**COLLECTED DATA:**
BEGIN

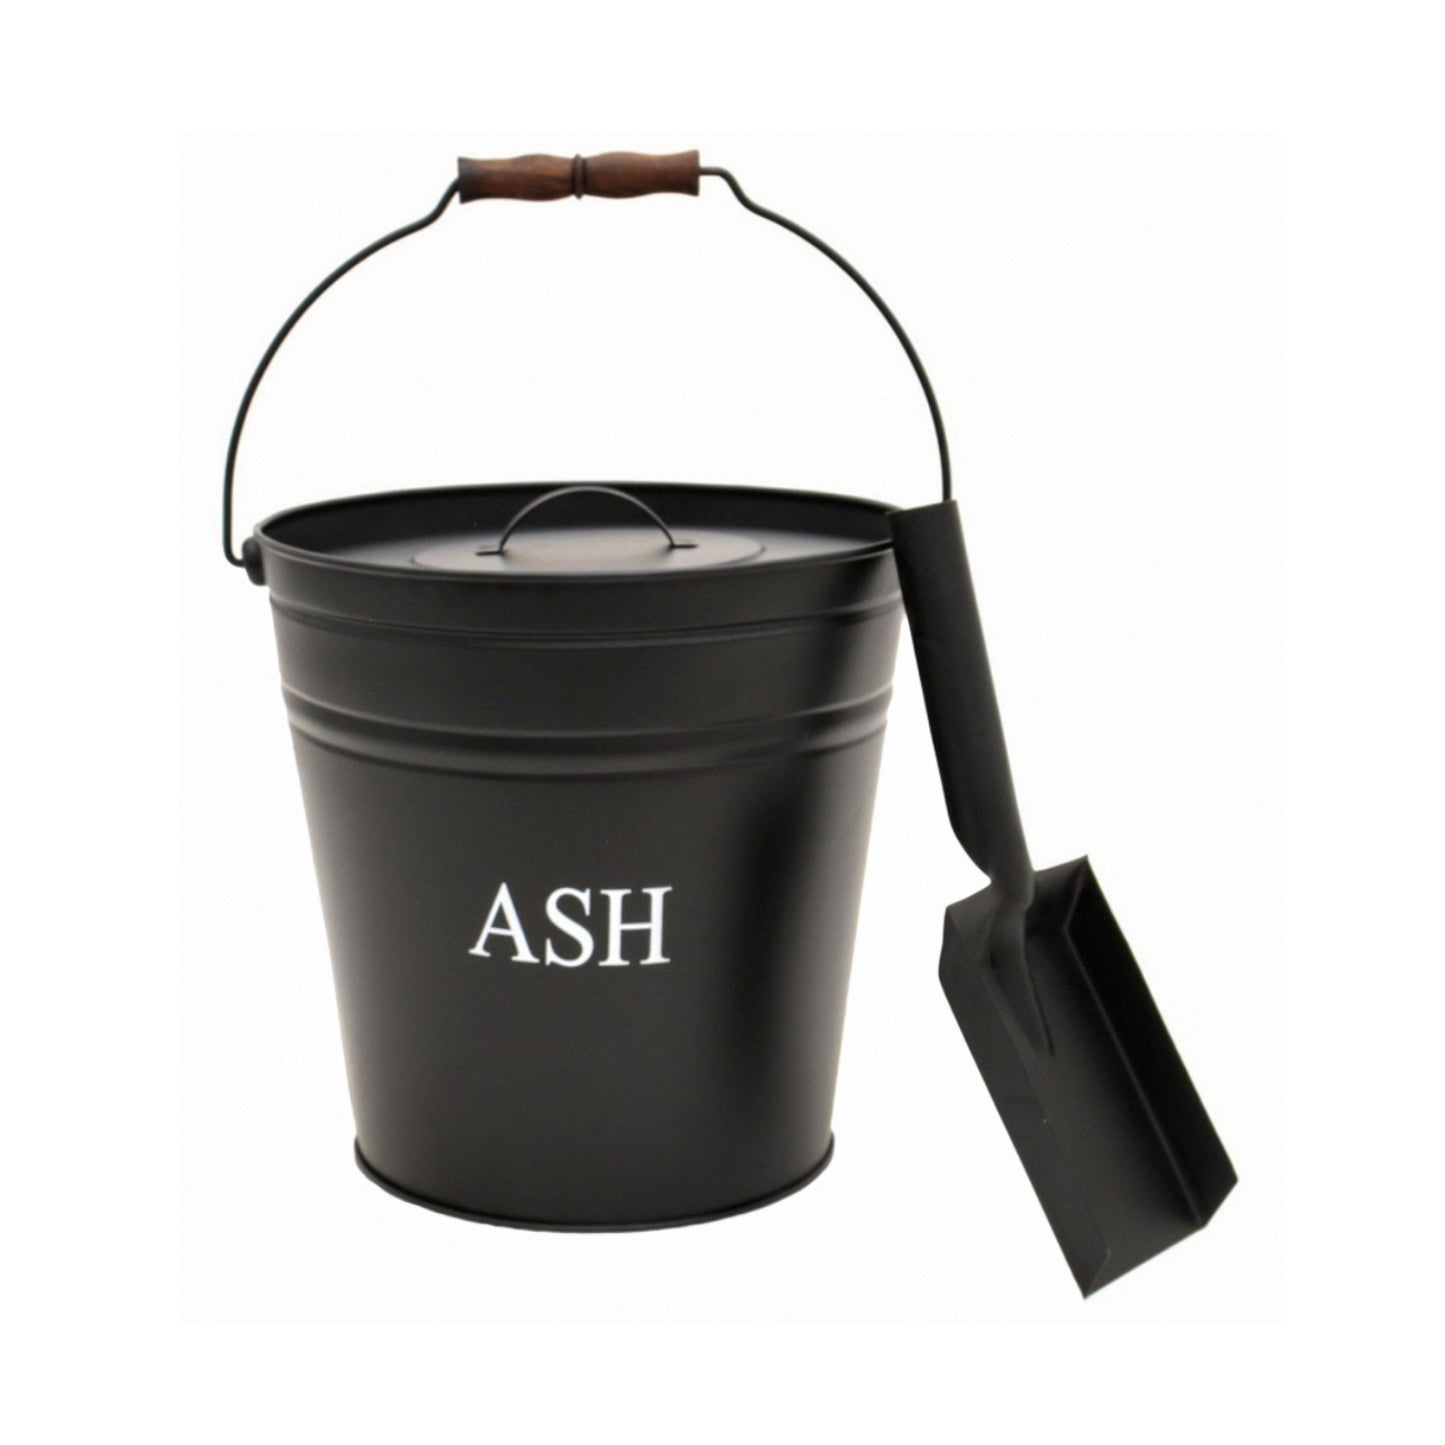 Black Ash Bucket by Ivyline
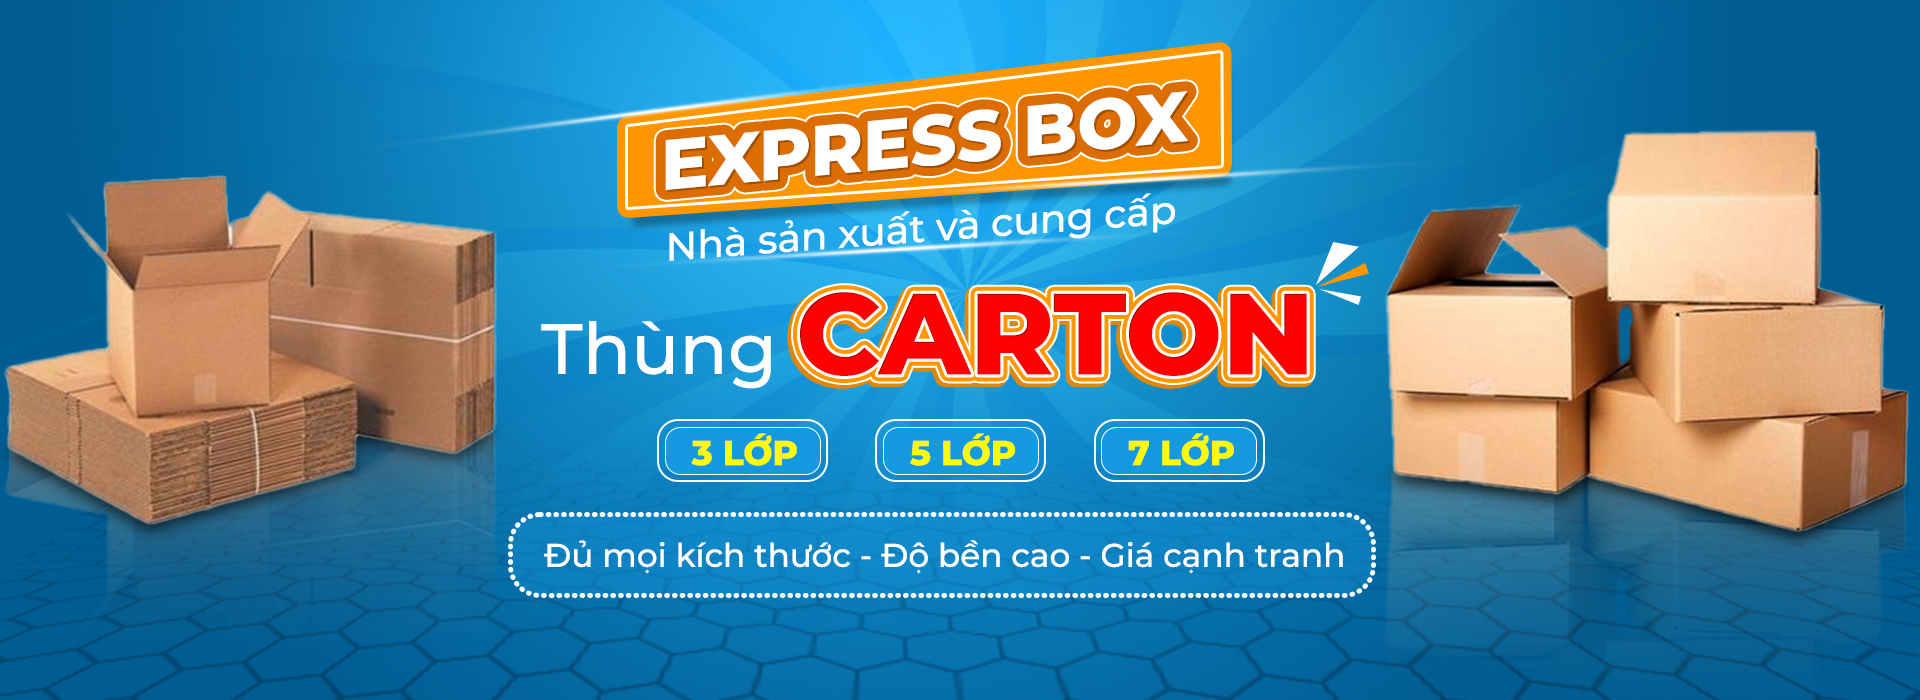 CÔNG TY TNHH EXPRESS BOX
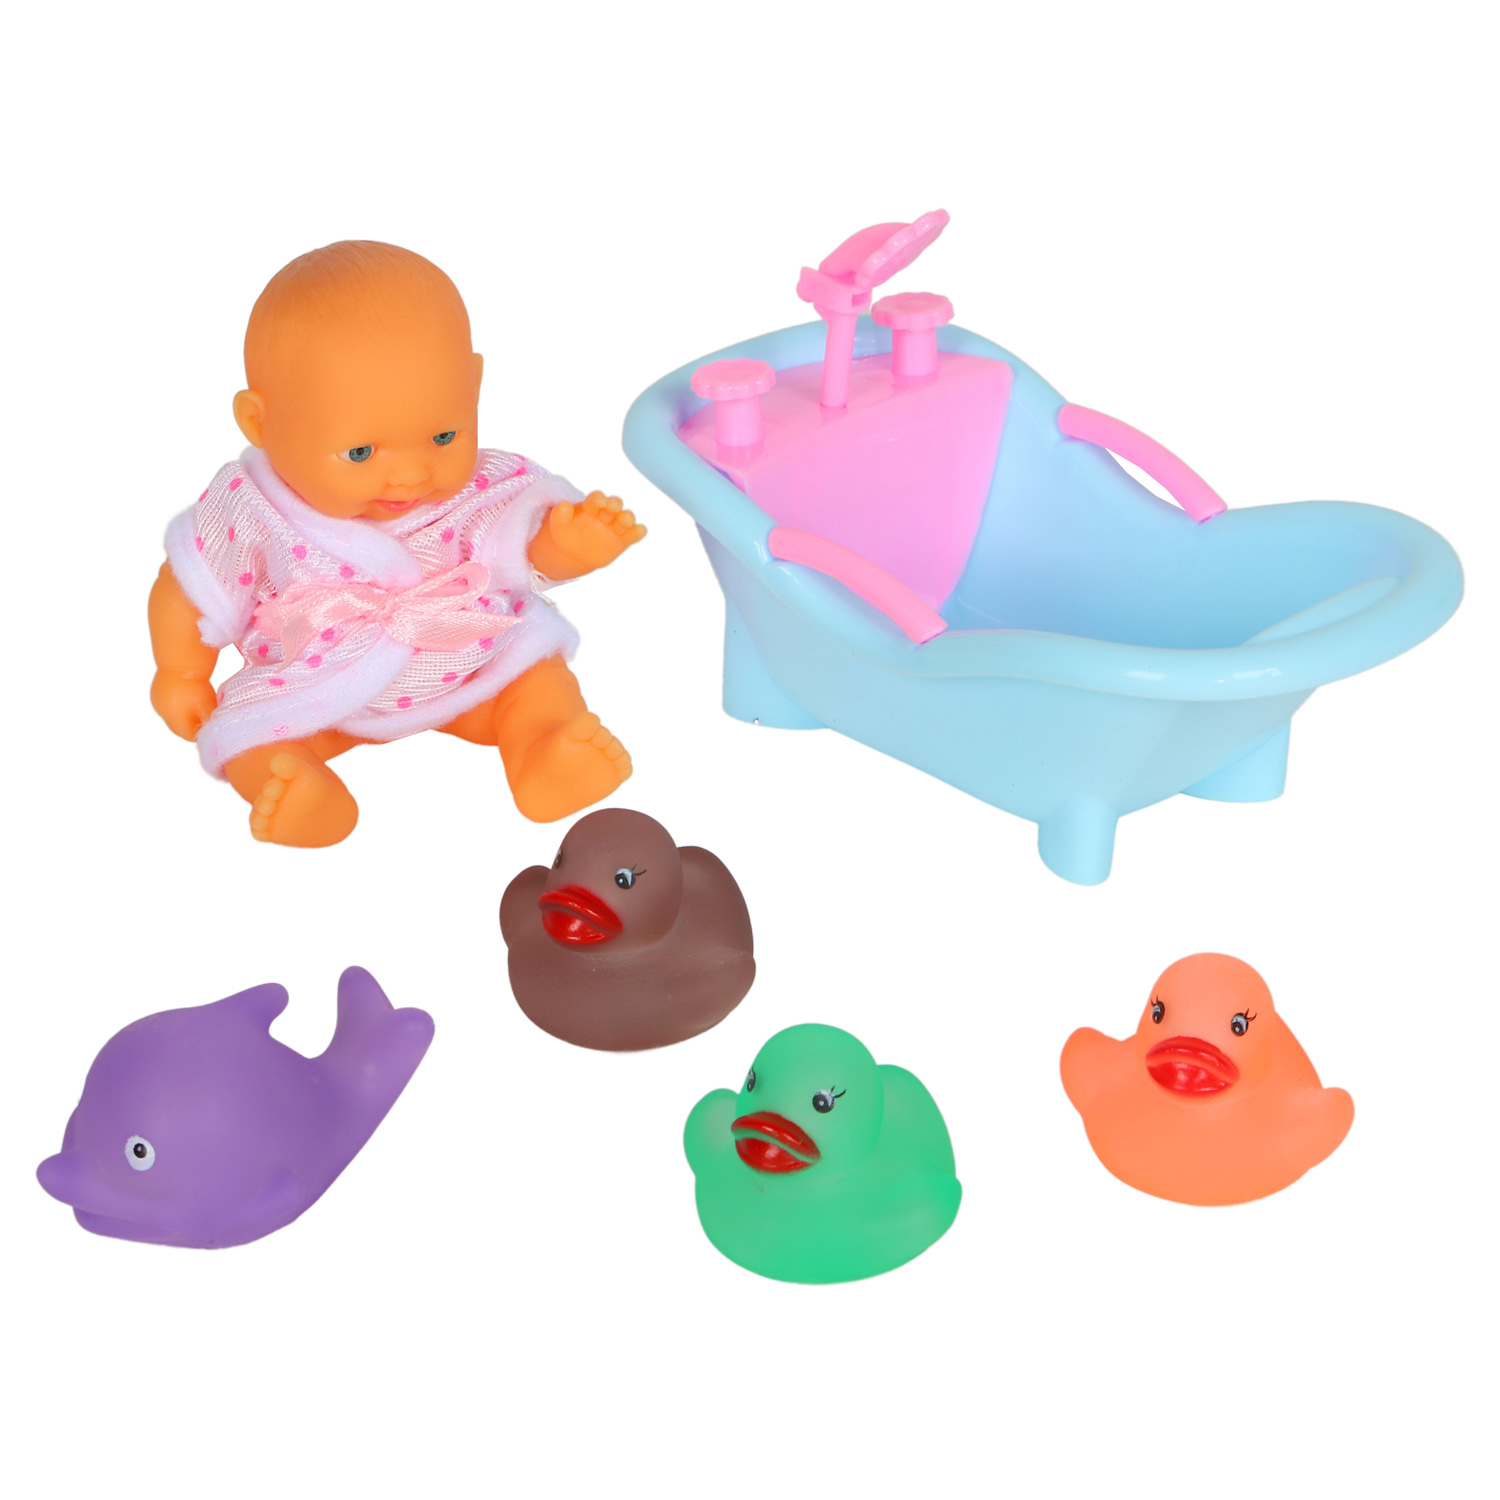 фото Игровой набор для купания компания друзей (пупс, утки, дельфин, ванна) jb0208367

END

**WORK ORDER:** All the lines above are to be given again exactly as they read, with the pictures removed.

**ANSWER FOR THE TASK:**
 Black Ash Bucket by Ivyline
 CÔNG TY TNHH EXPRESS BOX
 фото Игровой набор для купания компания друзей (пупс, утки, дельфин, ванна) jb0208367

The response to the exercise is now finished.